### Exercise aim
In the entries below, find the line containing "The Local Church" and the line containing "Download Believe Achieve". Copy those two lines and everything between them exactly, and only that.

### Data shown
● ● ● ●
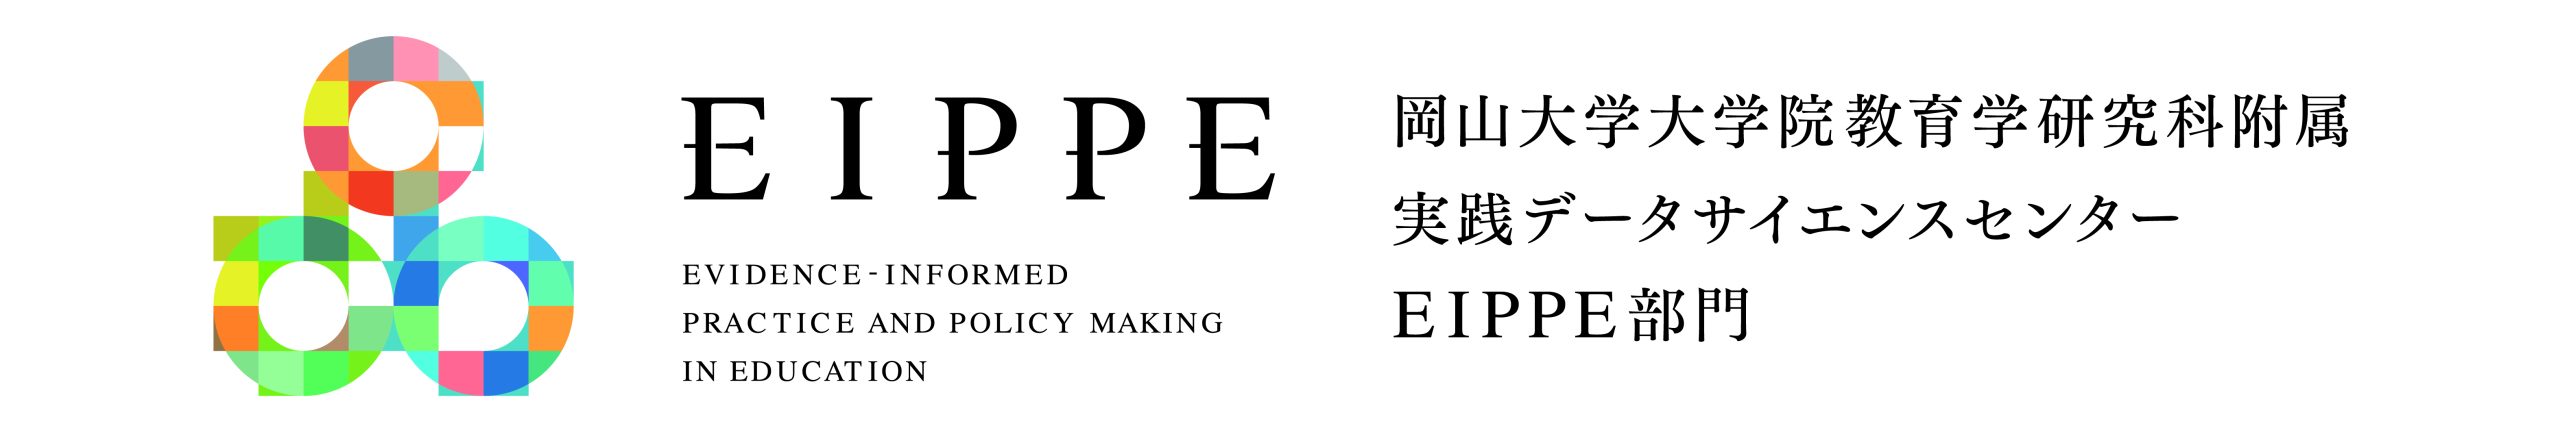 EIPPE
● ● ● ●
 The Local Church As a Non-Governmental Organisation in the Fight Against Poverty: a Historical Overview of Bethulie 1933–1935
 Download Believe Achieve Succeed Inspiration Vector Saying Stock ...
● ● ● ●
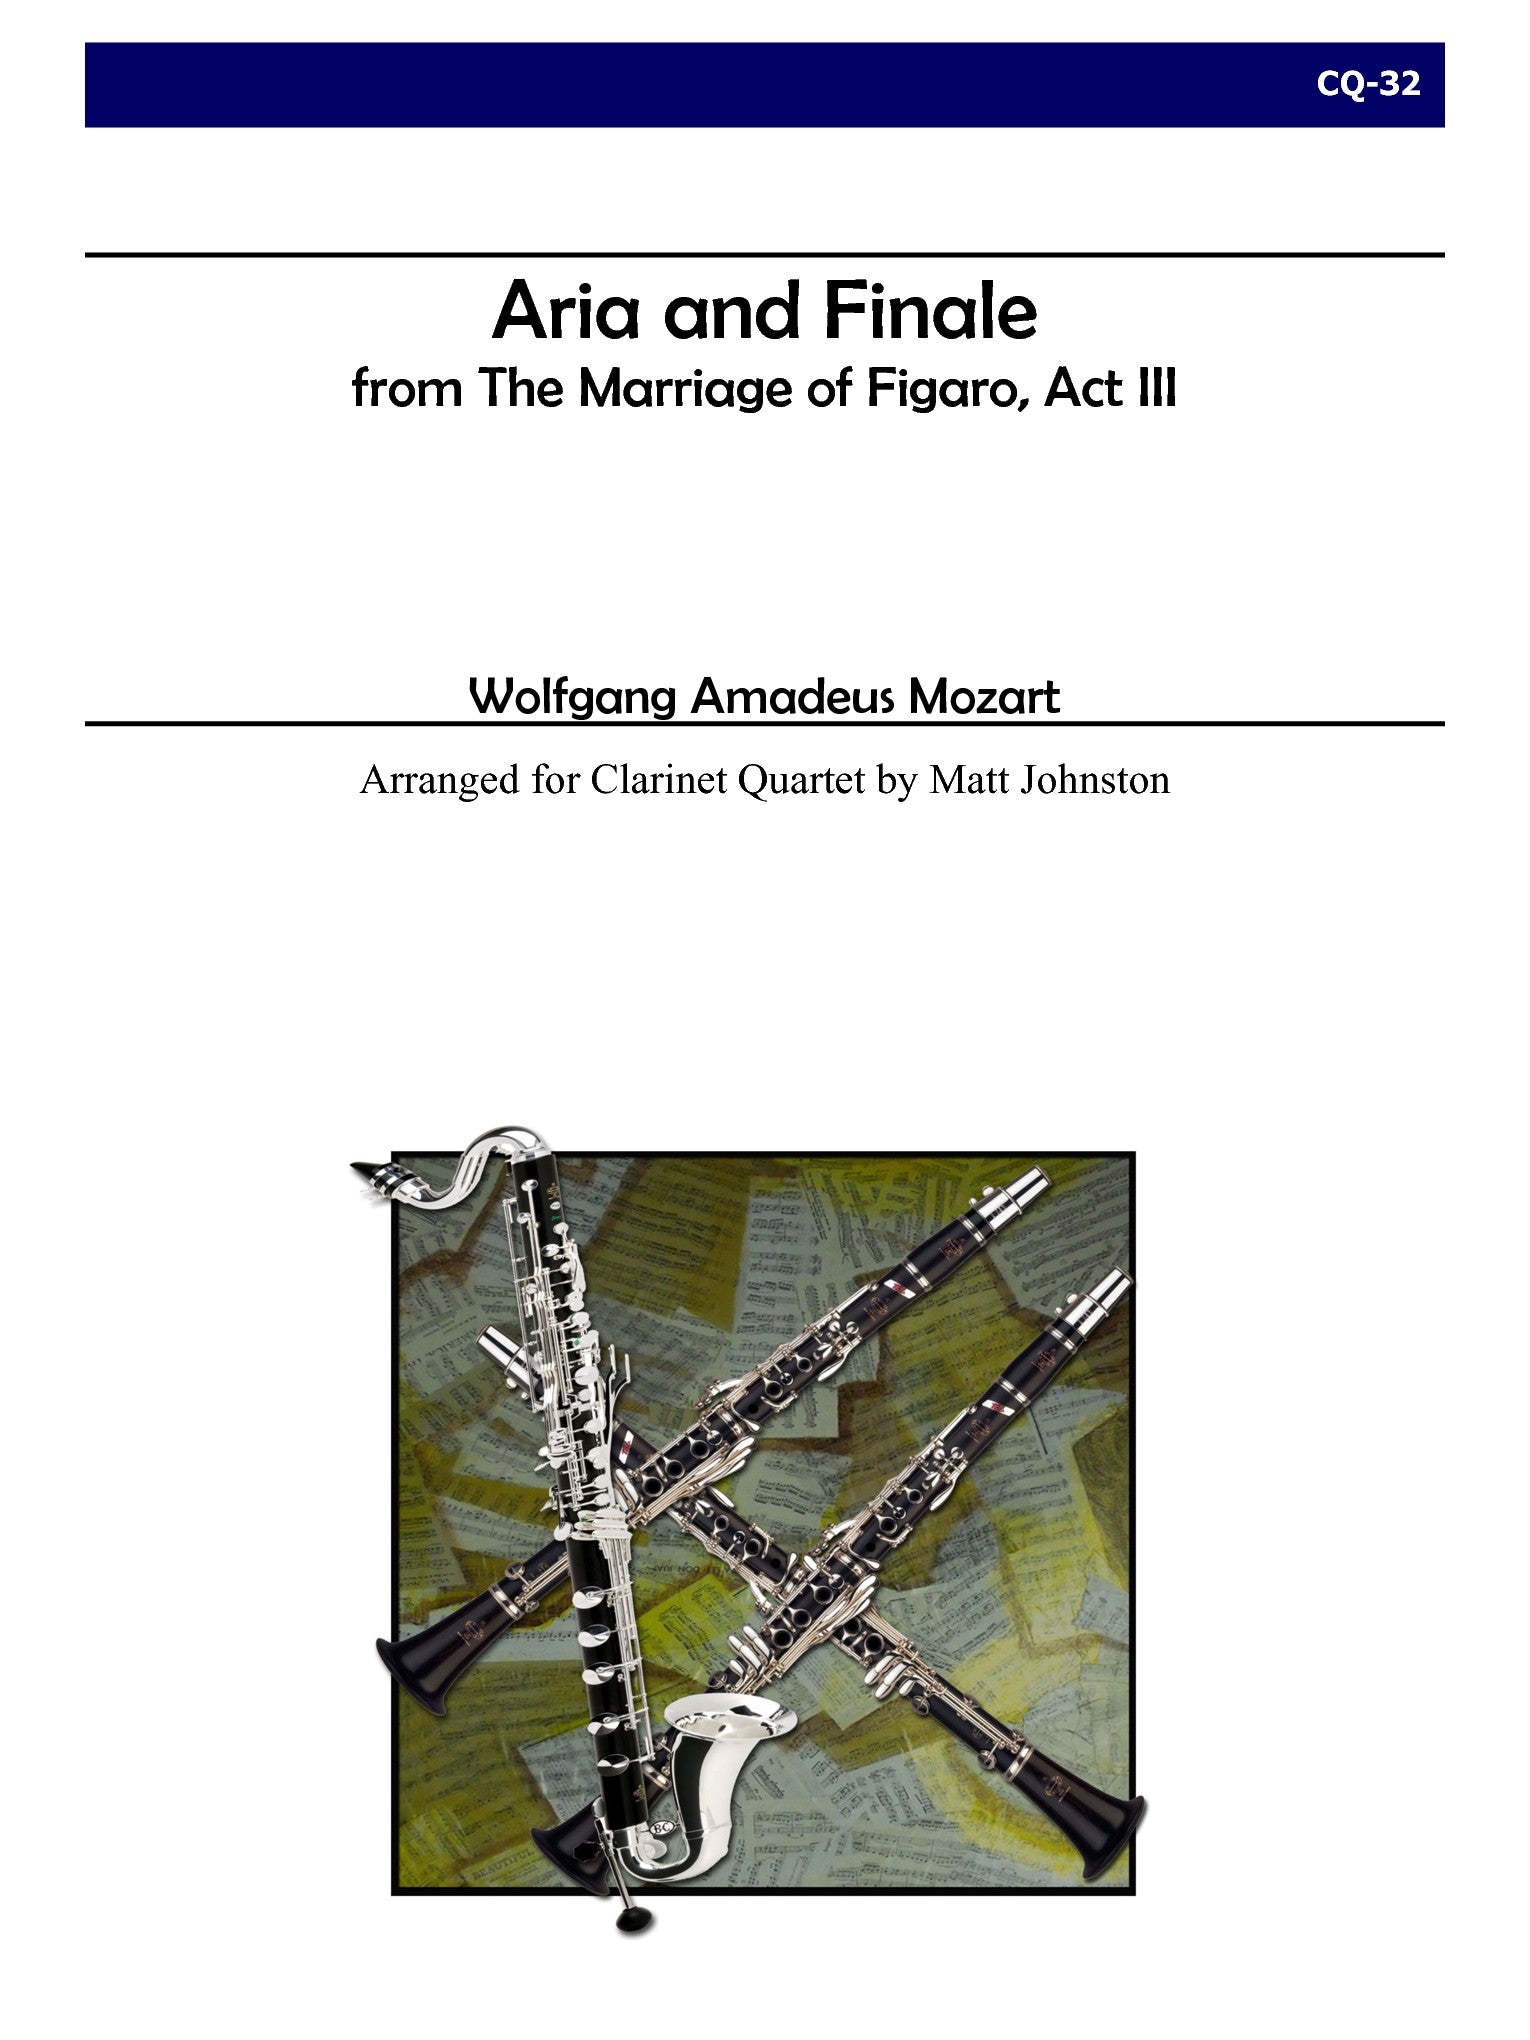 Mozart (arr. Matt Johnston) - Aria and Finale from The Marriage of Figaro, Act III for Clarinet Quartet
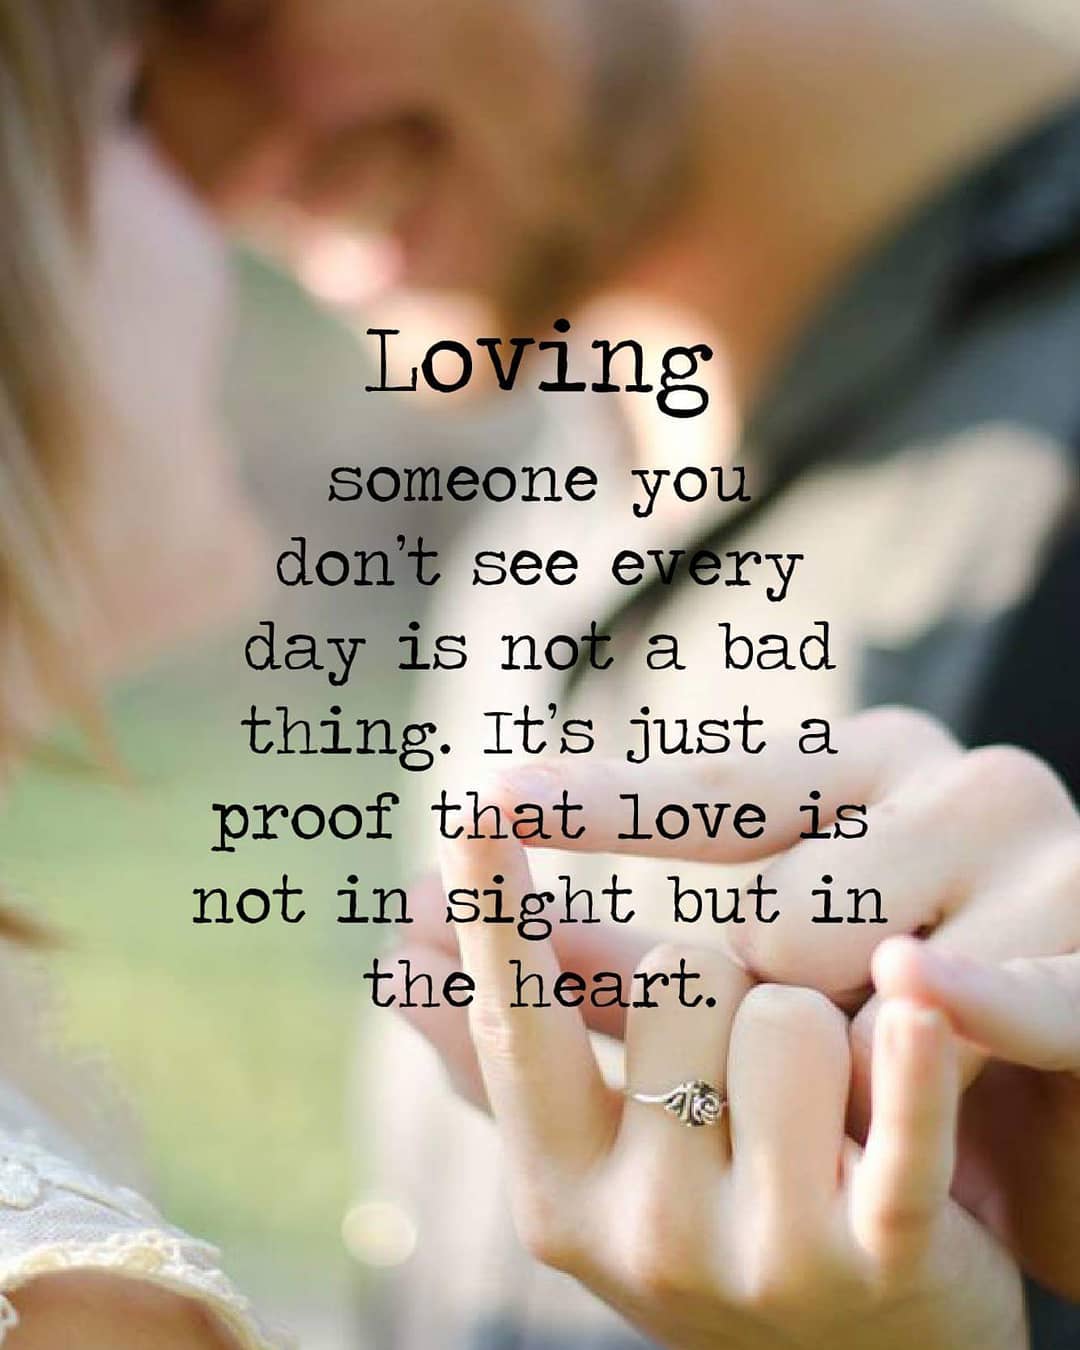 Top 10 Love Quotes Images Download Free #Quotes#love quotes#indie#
● ● ● ●
### Solution to this exercise
 The Local Church As a Non-Governmental Organisation in the Fight Against Poverty: a Historical Overview of Bethulie 1933–1935
 Download Believe Achieve Succeed Inspiration Vector Saying Stock ...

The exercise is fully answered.